And then there's a few other old methods that have been there, like type from file extension and document class for type. They've always been there, but a lot of them weren't invoked when you would expect them to be. You would override them, and you're like, hey, my override's useless. We now very consistently use public API when you would expect it to be.

And that was for document opening. For document saving, roughly the same situation. There's a new method in NSDocument, a writable type for save operation. If your document, you know, sometimes when you support exporting, you can't export specific document formats because the document is using some feature that won't be representable in that file format.

If you have complicated situations like that, you have total control now over what the user sees in the save panel and things like that because you can just override this method. And it returns, you know, an array of type names and you can fiddle with that array all you want. And existing class methods like writable types and isNativeType are now, again, invoked when you would expect them to be.
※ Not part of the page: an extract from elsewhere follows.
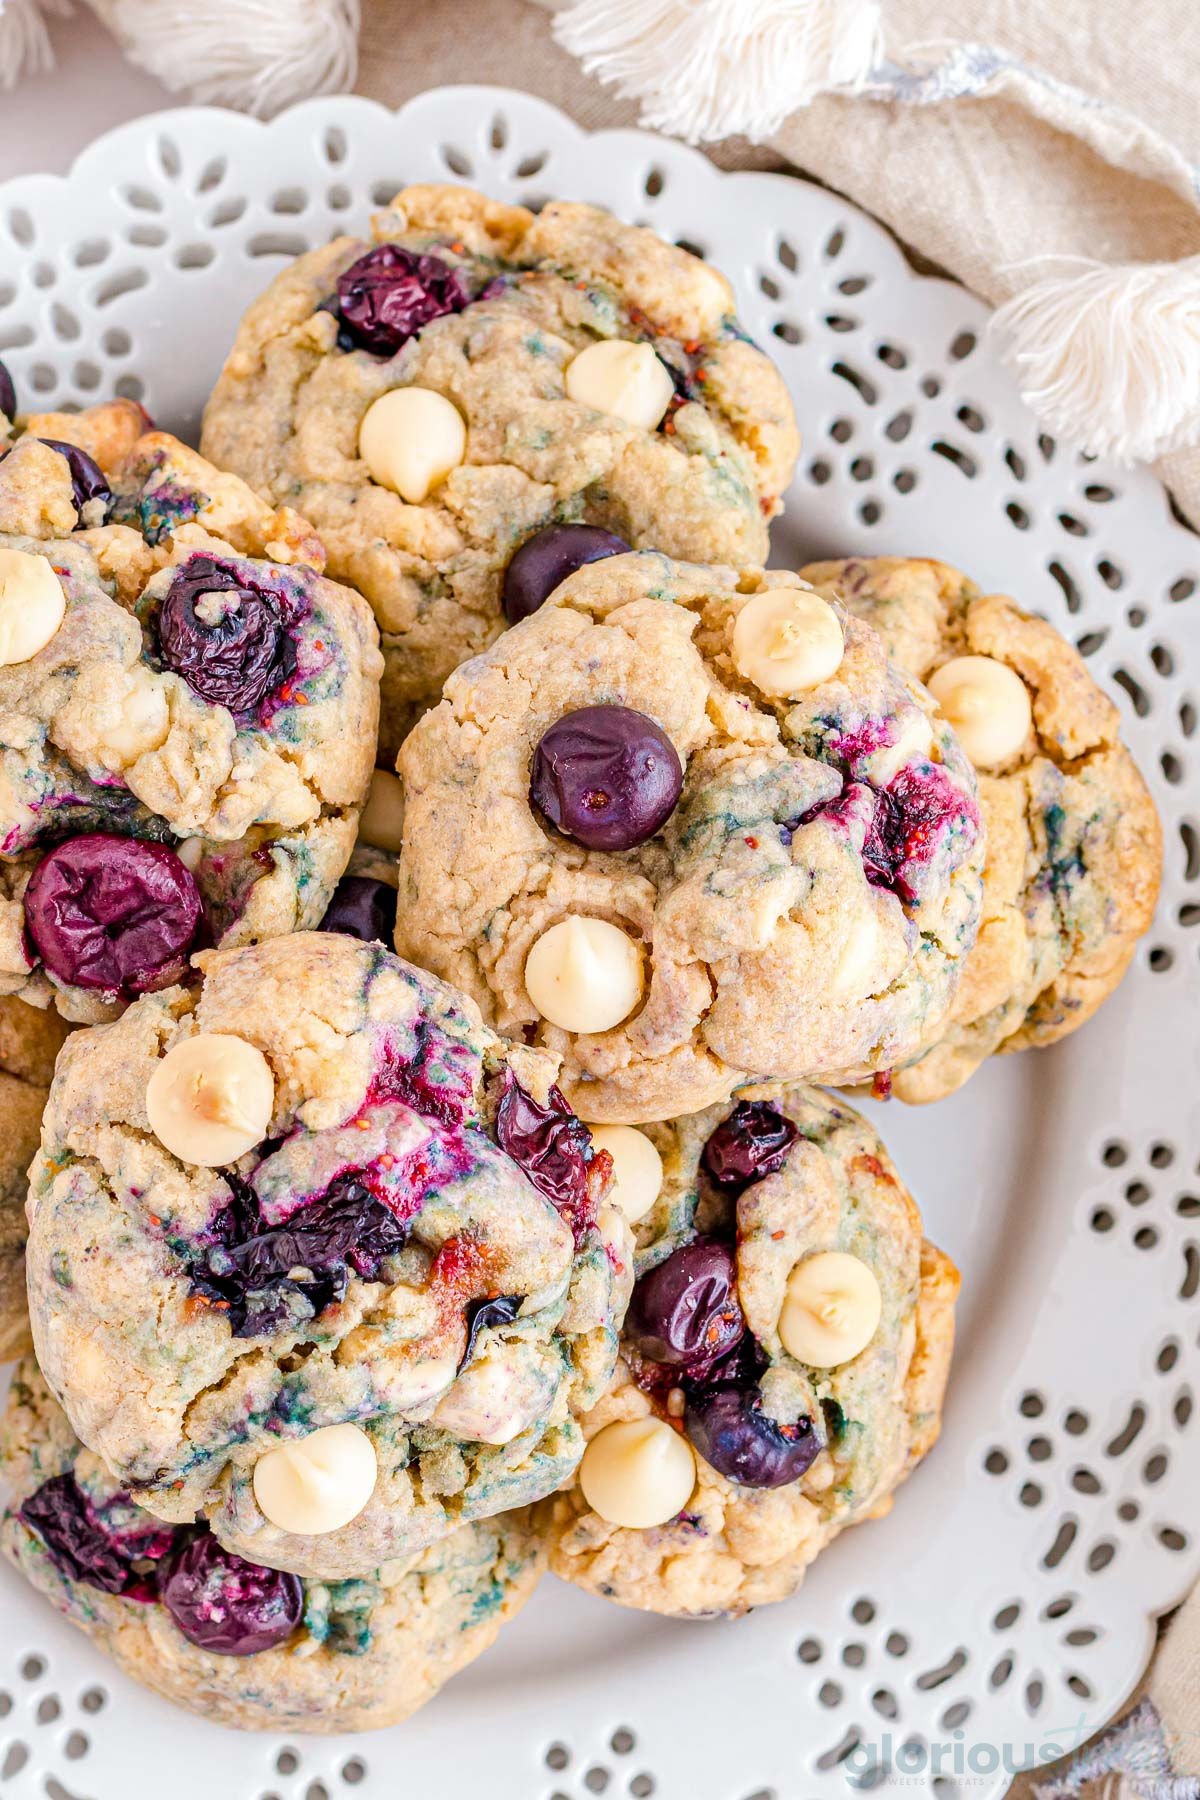 blueberry cookies are arranged on a white plate. cookies are close up to show the texture of the cookies and detail of blueberry and white chocolate chips.

So for a demonstration, I kind of made up a problem for myself so I could solve it using plugins. Sketch 2 uses a new native file format. It uses a new style property list so it gets to put numbers in them instead of having to, you know, make strings out of everything and put it in there. But any good application that updates its file format still has to open documents of the old format. So in Sketch, we'll add support for that old file format using an importer plugin.

So here we are in Sketch, and I added just a really simple plugin architecture, and I didn't want to get too clever up here. And where is it? Just to a subclass of Document Controller, I just put the stuff in there. There's a few new public methods, not public methods, methods on this Document Controller subclass. Exporter for type, where type is an NSDocument-style type name.

Importer for type, and the entire list of exporters and so on. And just when the Document Controller is initialized, it just routes around in a directory for all the bundles, whose file name extension is SketchPlugin, and instantiates the principal class out of those bundles and adds them to its list.

And in SKT Draw Document, we use this stuff in a few places. So in our override of read from data, read from data has passed a type name, which has already been figured out by the document controller. And this override, you know, it checks to see if the type is one of the ones that it natively knows how to read. And if not, it just asks Document Controller, "Hey, is there an importer for that type?" And if there is, it just invokes this method, which is defined on the importer class. I'll show you that.

From data, get graphics and the print info and an error if something goes wrong. So it's very specific to Sketch. And the other thing that an importer is responsible for telling its users is what type it is it's importing and what the valid file name extensions are for that type.

In Sketch, updating the file format, the file name extension is now Sketch 2. This importer understands the old Sketch file name extension and also Draw 2, which is an old sketch file name extension. an older one. So if we were to run this, this wouldn't work right now, because we haven't overwritten any of the methods that I was just telling you about to tell NSDocumentController about the types that are available now. So let's add overrides for that.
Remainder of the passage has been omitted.